Second, Samsung argued the district court erred by misleading the jury with the instruction that actual deception was not required and for providing guidelines in considering prior art. The Federal Circuit determined the jury instructions were clear and the jury must compare the asserted design against the prior art.
Third, and perhaps of most significance, the Federal Circuit upheld the ruling to allow the jury to award Samsung’s total profits on its infringing phones as damages. Samsung argued that an apportionment or causation analysis that limits profits to the infringement or infringing article of manufacture should be applied. The Federal Circuit quoted the entirety of section 289 of Title 35, which addresses design patent infringement damages. It emphasized that section 289 states, in pertinent part, an infringer of a design patent “shall be liable to the owner to the extent of his total profit...” Distinguishing Samsung’s phones as a single article of manufacture not sold separately, referencing a piano case and an entire piano in a 1915 case where the Second Circuit allowed an award of profits for only the piano case, the Federal Circuit held that the plain language of the statute and prior precedent required an award of total profits without apportionment. As discussed in a footnote in the opinion, an award of entire profits may make no sense in the modern world, but in the Court’s view the issue is a matter of policy and for Congress to decide.

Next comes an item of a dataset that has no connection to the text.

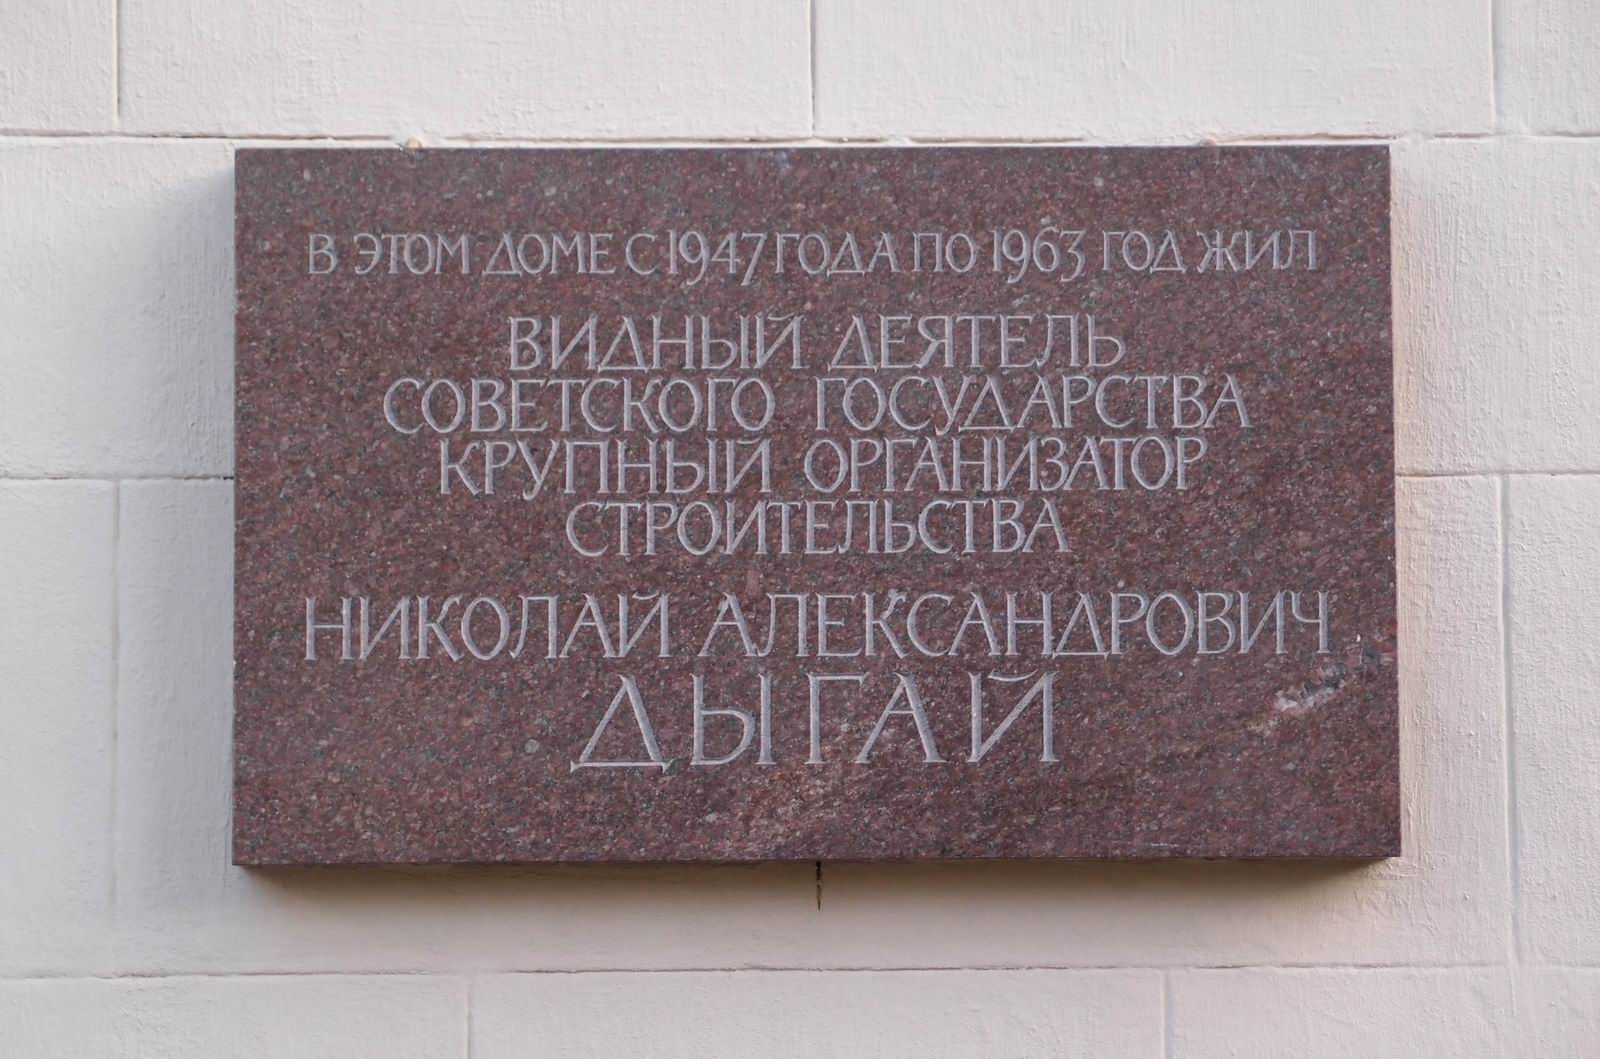 Мемориальная доска Дыгаю Н.А. (1908–1963), арх. С.И.Смирнов, в Большом Лёвшинском переулке, дом 9, открыта 18.6.1974.

Nothing in the decision as to utility patents was surprising. For Samsung’s “indefiniteness” argument directed to the claim term “substantially centered,” the Court held that Samsung is seeking a level of precision that exceeds the definiteness required of valid patents. Samsung also argued claims were anticipated by a prior art reference; however, the Court found that the jury reasonably credited Apple’s expert who testified that the technology was not anticipated and taught by the prior art reference. The Federal Circuit affirmed the lost profits and reasonable royalty damages awarded.